Gay men in particular are just not very nice to each other, Hobbes reports.
Hobbes’s truly honest piece goes on and on and it is heartbreaking to read, particularly when you know that more and more teen boys have been lied to and are being lured into this noxious germ-ridden and psychologically debilitating stew.
But this is the reality of Gay World that most Americans do not know. It is the reality of Gay World that Homosexual Inc. was eager to hide and that traditional marriage leaders were quite happy to turn away from.
We are now busy defending the religious freedom not to be forced to participate in gay weddings. This is perhaps the most defensive position we could take, and therefore the weakest, and by the way, it is already largely lost. Why should we be able to refuse service to a homosexual wedding when they are just like us and it is legal?

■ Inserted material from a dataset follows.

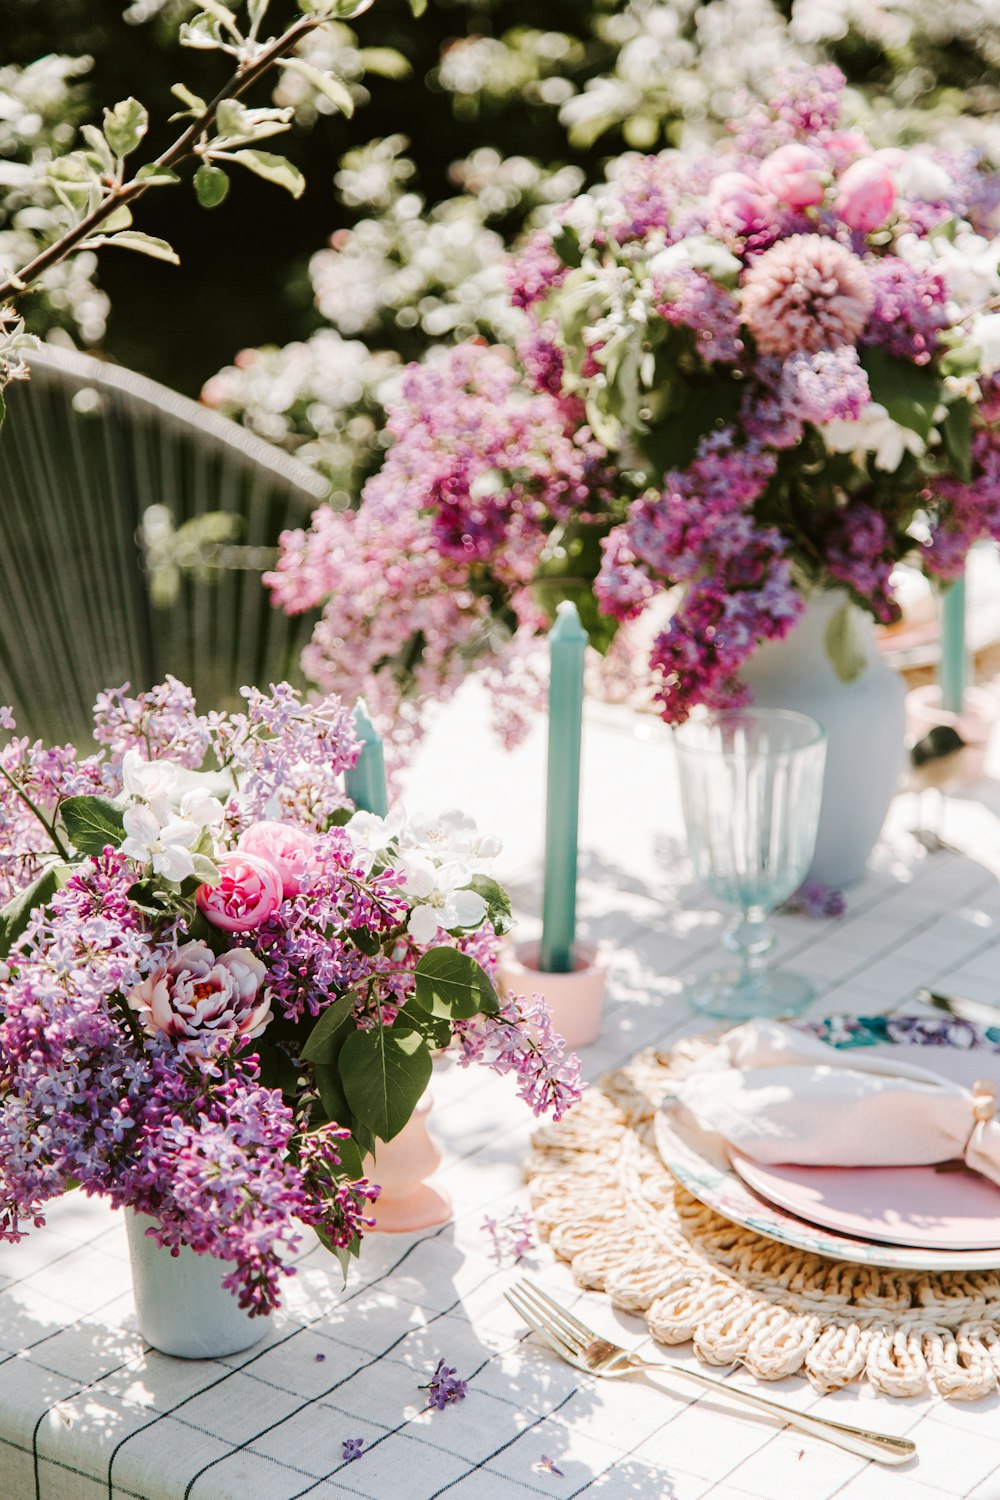 a table with flowers and plates

Unless, they are not just like us. The underlying reality of Gay World is ugly and dangerous. Even they are admitting it now. But this is something Traditional Marriage Inc. has refused to consider.
One of our marriage leaders actually said he “honored” the relationships among his gay friends. Recall that super-lawyer Church Cooper was planning his lesbian daughter’s wedding at the same time he was badly defending traditional marriage in the California courts. Traditional marriage leaders have resolutely refused to engage Robert Reilly’s sodomy thesis in his Making Gay Okay: How Rationalizing Homosexual Behavior Is Changing Everything.
Some traditional marriage leaders say gay sex has nothing to do with defending marriage and we cannot work to overturn gay marriage unless and until we get our own house in order. They say we ruined marriage and gave homosexuals their opening. In fact, it was the leftist sexual revolutionaries who set out to destroy marriage.
The reality is that even after all the opprobrium heaped on the sacred institution of marriage, most people still want it, they hunger for it. According to Gallup 78 percent of those never married say they want to be married. And when married, people believe in faithfulness. Gallup reports only 10 percent think adultery is morally acceptable and this is up only 3 percent since 2001.
The fact is that the underlying hideous reality of homosexuality has been hidden from Mr. and Mrs. America. Would they be so open to it, if they knew the truth? Would young boys be lured to it if they knew the horrors that awaited them? We will only ever know if someone tells them. Who will that be?